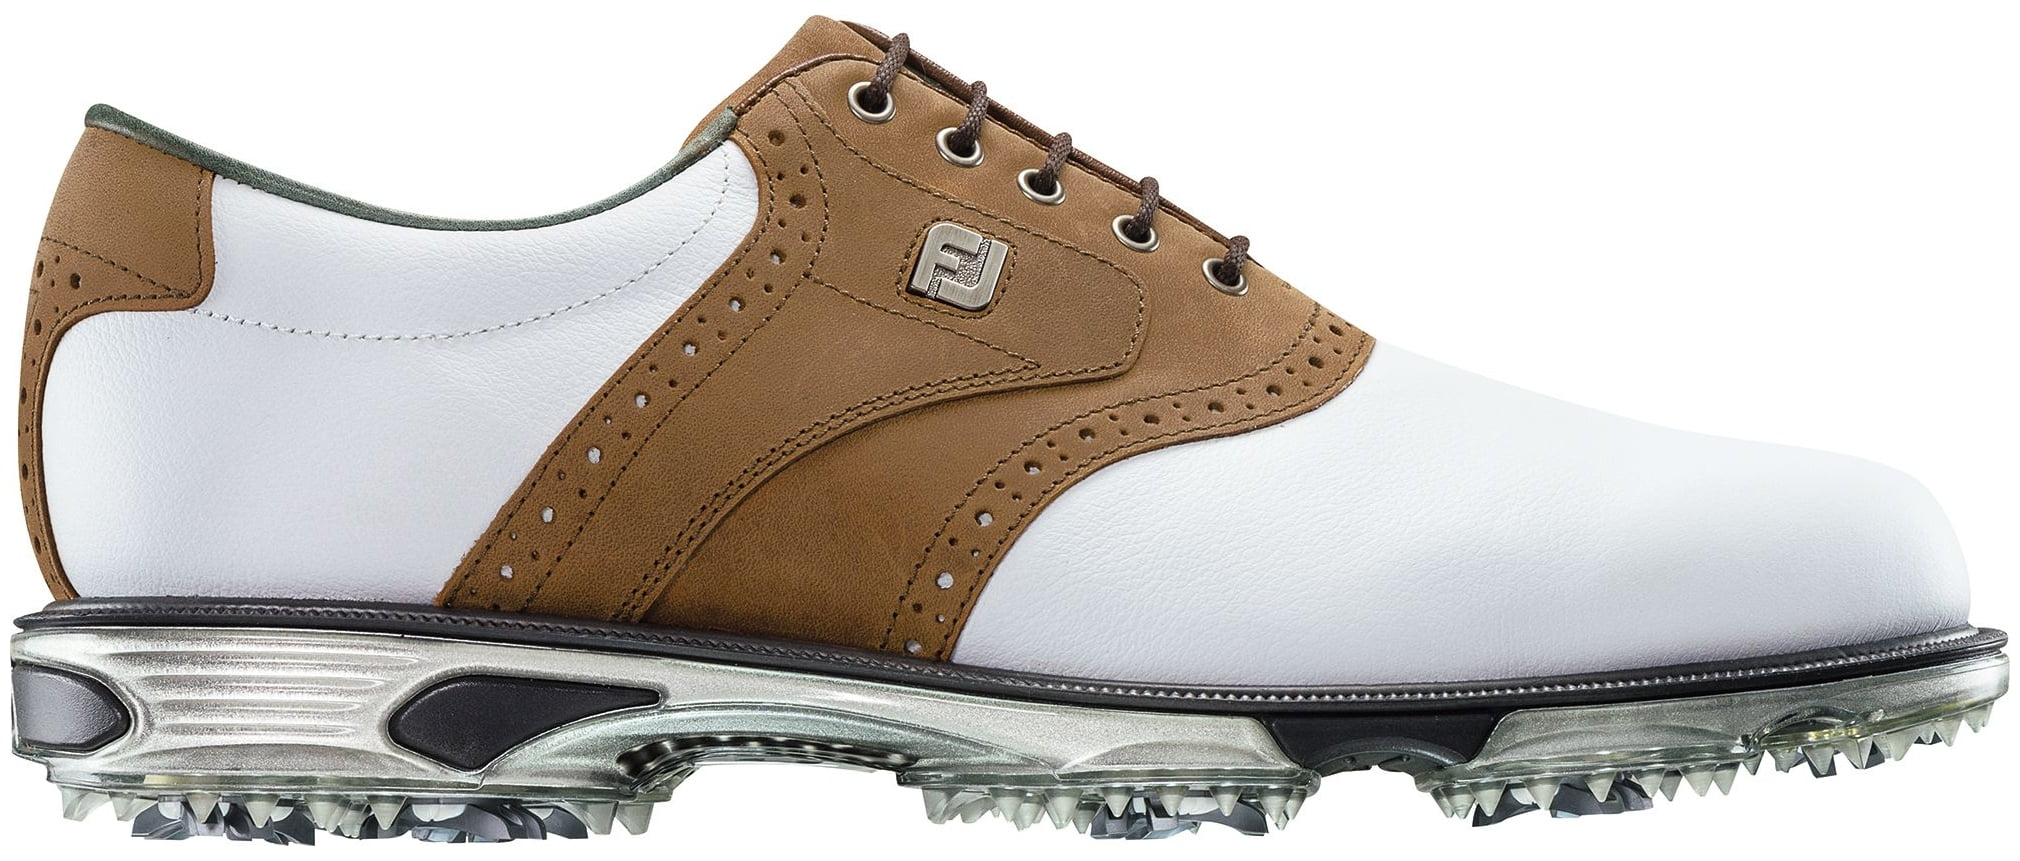 FootJoy DryJoys Tour Saddle Golf Shoes (White/Tan, 11.5) - Walmart.com ...
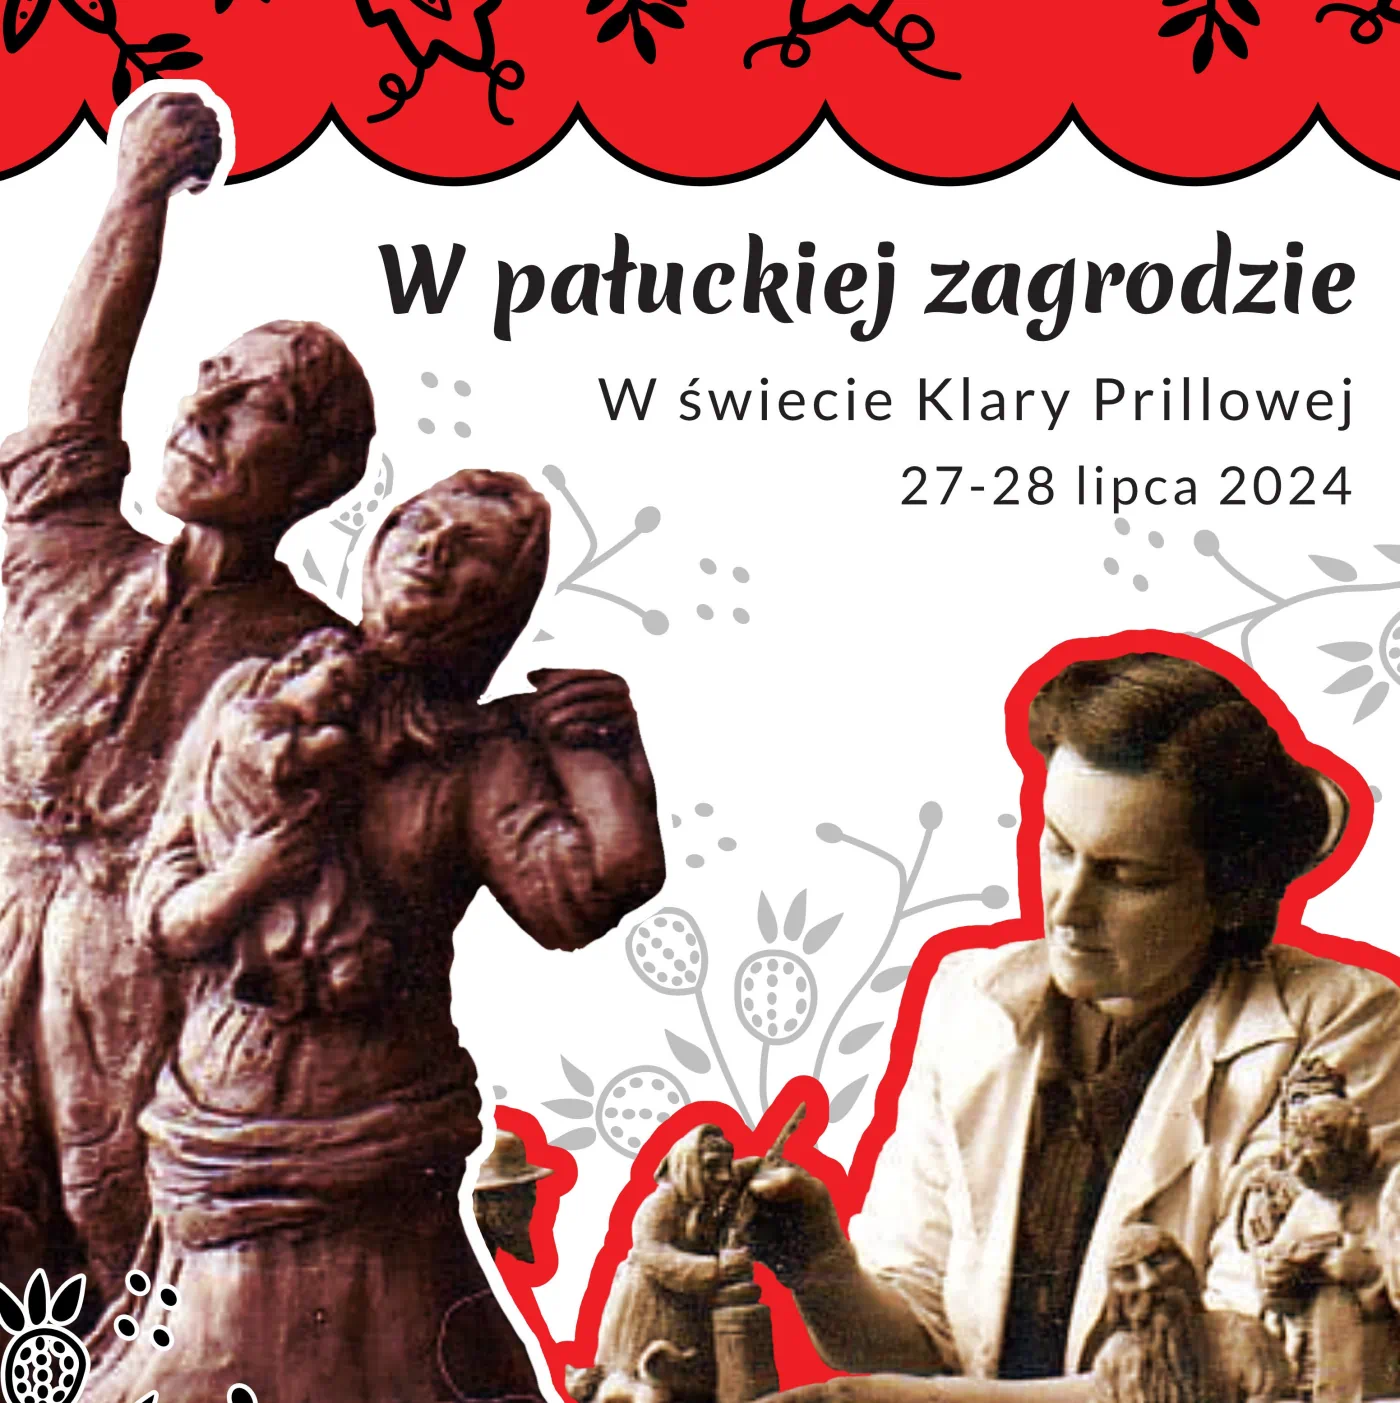 Wizerunek kobiety i rzeźby ludowe na plakacie wydarzenia pt. "W pałuckiej zagrodzie".
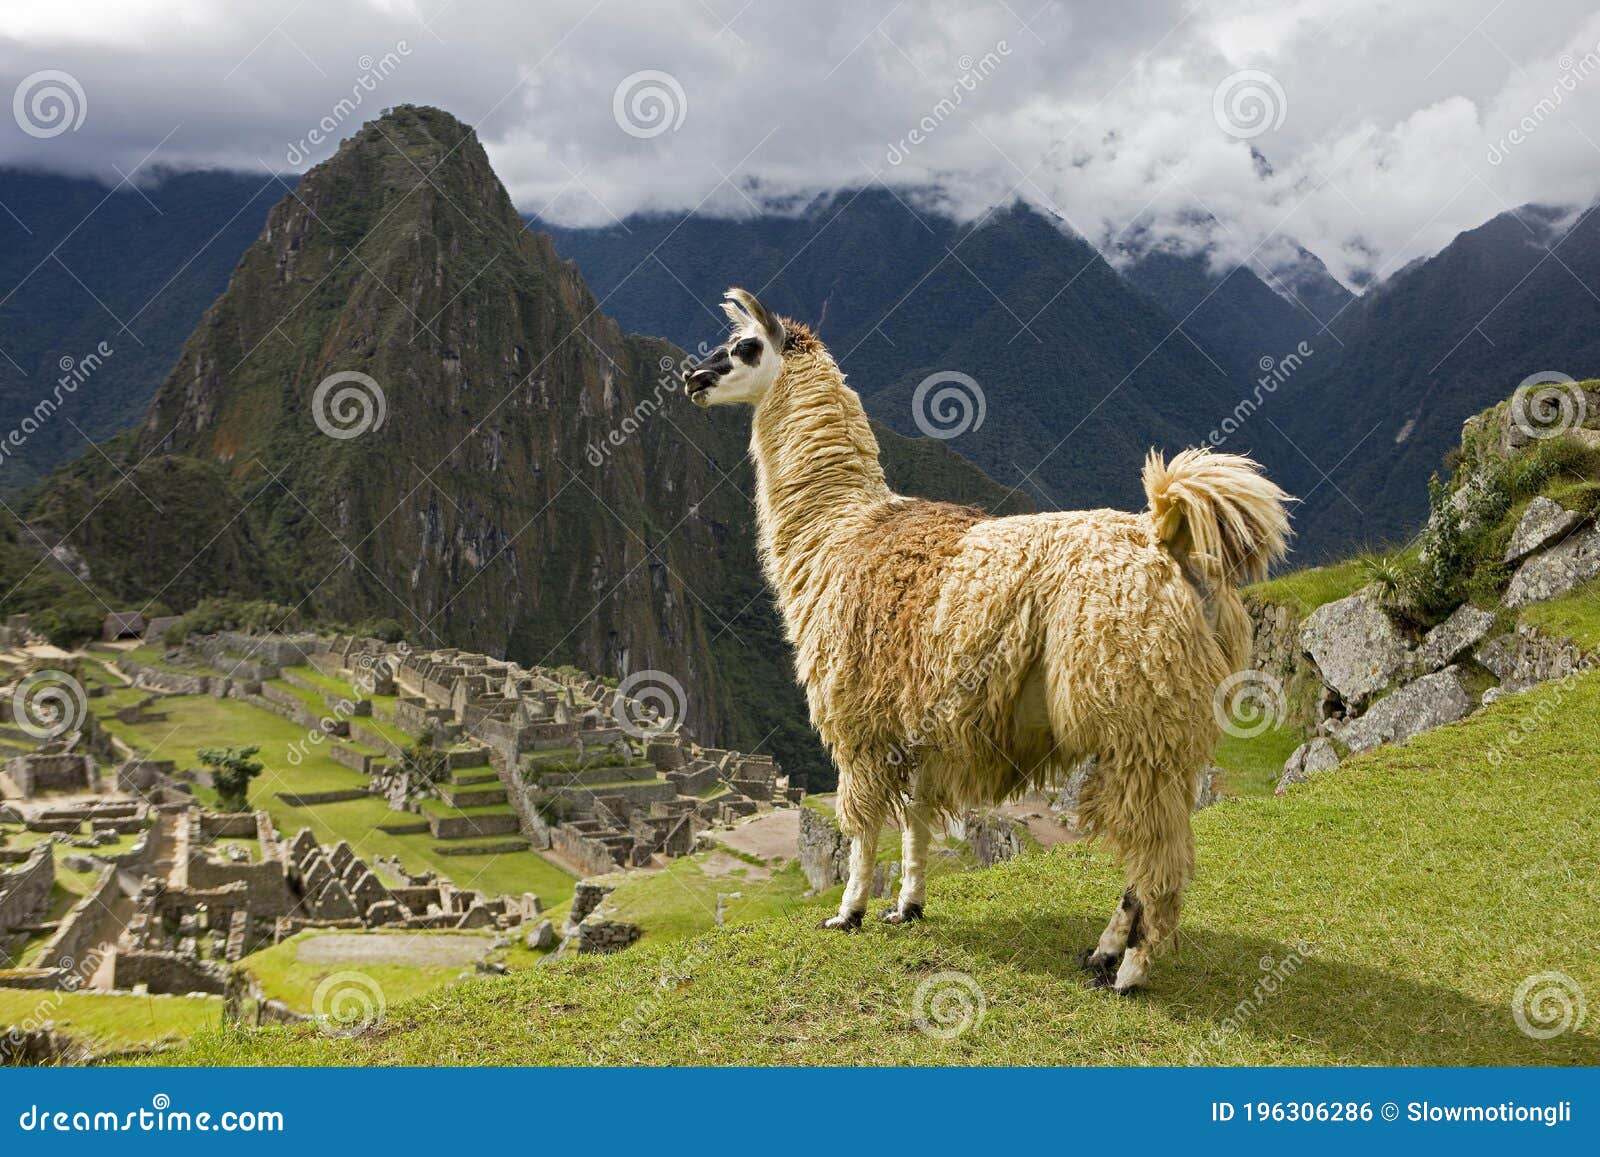 llama, lama glama, adult in the lost city of the incas, machu picchu in peru

* What you will do: Line by line and exactly, reproduce the span from the line with "Wizerunek kobiety i" through the end of the data above, both ends included, with pictures left out.

* Solution:
 Wizerunek kobiety i rzeźby ludowe na plakacie wydarzenia pt. "W pałuckiej zagrodzie".
 llama, lama glama, adult in the lost city of the incas, machu picchu in peru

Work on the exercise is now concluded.